A un moment, j'ai remarqué deux enfants jeunes
qui jouaient devant une cité. Je ne me souviens
pas exactement de l'endroit. Je peux cependant vous dire
que cette rue était assez étroite et qu'elle
n'était pas bordée d'arbres. Après
avoir regardé ces enfants pendant quelques minutes,
je les ai abordés. J'avais garé mon véhicule à dix
mètres de l'endroit où jouaient les enfants.

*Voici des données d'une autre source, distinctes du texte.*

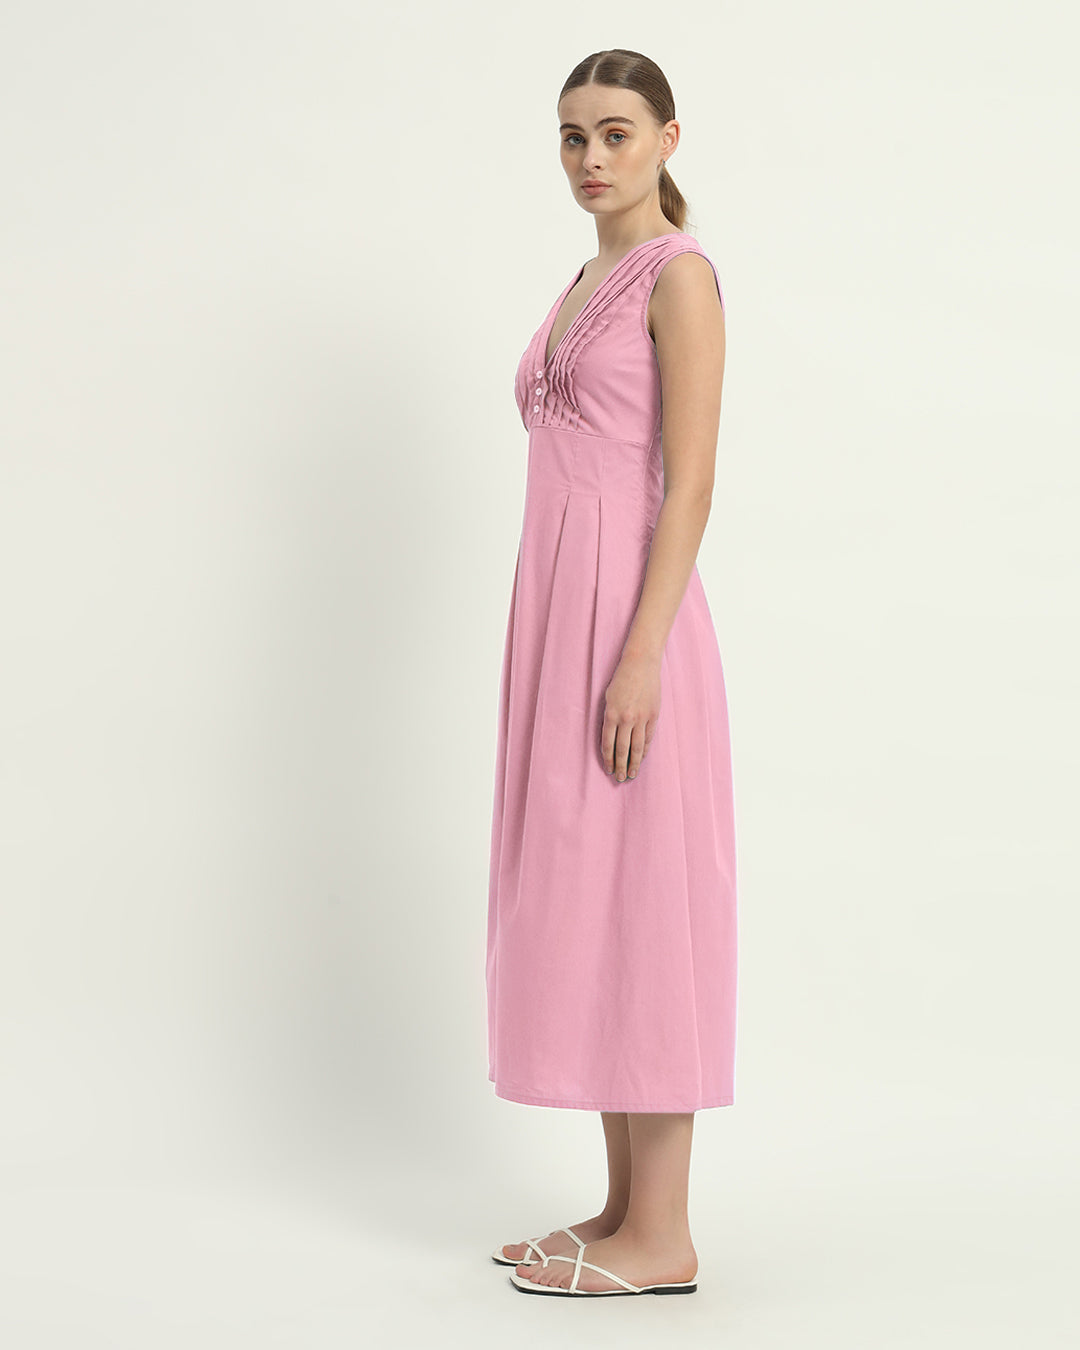 The Mendoza Fondant Pink Cotton Dress

Il y avait un petit garçon auquel j'ai donné cinq
ou six ans, qui avait les cheveux courts. Il y avait également
une petite fille qui semblait un peu plus âgée,
peut-être sept ou huit ans. Elle était vêtue
de clair, un pull-over et un pantalon court.
Je
me suis approché de ces enfants et je leur ai
demandé s'ils avaient vu une bête. Je ne
me souviens pas très bien des termes que j'ai
employés et je pense qu'il s'agissait de chien
ou de chat. Le petit garçon est reparti de son
côté pour rechercher la bête. Je suis
resté sur les lieux en compagnie de la fille.
Les
souvenirs me reviennent et je suis en mesure de vous
dessiner le plan des lieux. Je m'exécute.
Comme
vous pouvez le constater sur ce plan que je viens de
vous dessiner de ma main, les enfants jouaient sur un
trottoir qui longeait une rue en pente. J'avais garé ma
voiture en bas de cette pente, devant un immeuble situé à gauche,
en bas de la rue. Les enfants étaient sur le trottoir
en face de l'immeuble. A cet endroit, la rue forme un
léger virage. Le petit garçon est parti
en direction du haut de la rue pour rechercher un animal.

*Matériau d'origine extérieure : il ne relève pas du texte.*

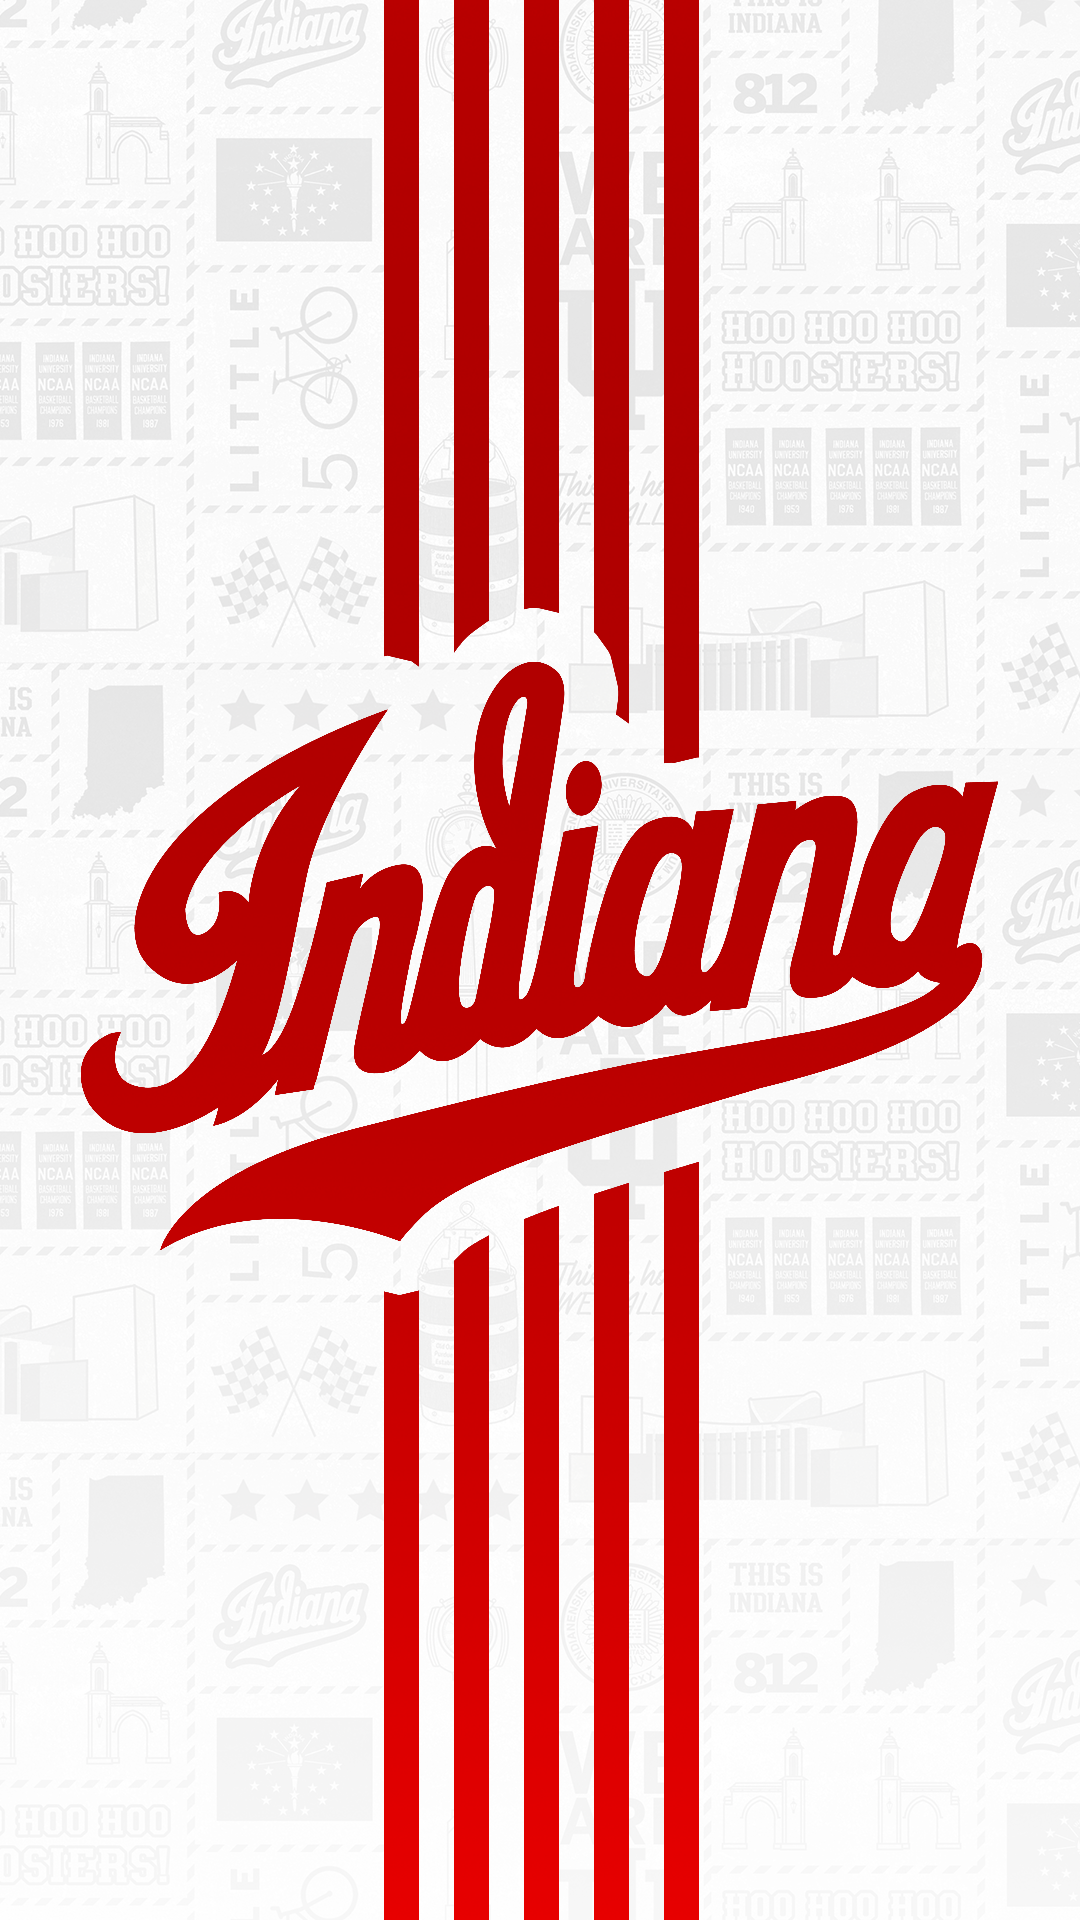 IU Basketball Logo - Phone Wallpapers - Indiana University Athletics

J'ai alors discuté quelques instants avec la petite
fille et elle est montée sans difficultés
dans la voiture.
Je
vous précise que lorsque le petit garçon
est parti rechercher l'animal, nous nous trouvions tous
les trois à hauteur de ma voiture et sur le même
trottoir. Quand nous fûmes seuls, la petite et
moi, je lui ai proposé de monter en voiture pour
aller nous promener. J'ai formulé cette offre à deux
reprises car, la première fois, elle a hésité.
Finalement, elle a accepté. Je suis monté le
premier dans la voiture, je lui ai rabattu le siège
avant et la petite a pris place à l'arrière.

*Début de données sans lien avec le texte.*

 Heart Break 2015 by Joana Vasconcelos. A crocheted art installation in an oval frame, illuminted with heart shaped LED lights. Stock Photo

Je précise que la porte côté conducteur
de ma voiture est bloquée, ce qui m'a obligé à monter
moi-même par le côté passager. Je
me trompe, la porte n'était pas bloquée à ce
moment-là, je suis monté par le côté gauche.
C'est seulement après l'accident que la portière
gauche a été bloquée.
le
scénario avancé est surréaliste
et très peu crédible.
Ainsi,
si CR a bien enlevé MD c'est parce qu'il serait
arrivé à la cité Sainte-Agnès
par erreur, à un kilomètre environ
de l'endroit où il voulait aller. Ayant alors
décidé de se promener à pied
(il n'a pas encore aperçu les enfants à cet
instant), il gare sa voiture, non pas comme tout
le monde le long de la rue, mais à la perpendiculaire
de celle-ci, en marche arrière et de surcroît
devant l'entrée d'un garage dont il bloque
l'accès.
Le
plan des lieux de l'enlèvement, dessiné par
Christian Ranucci, a fait l'objet d'une polémique
résumée ici.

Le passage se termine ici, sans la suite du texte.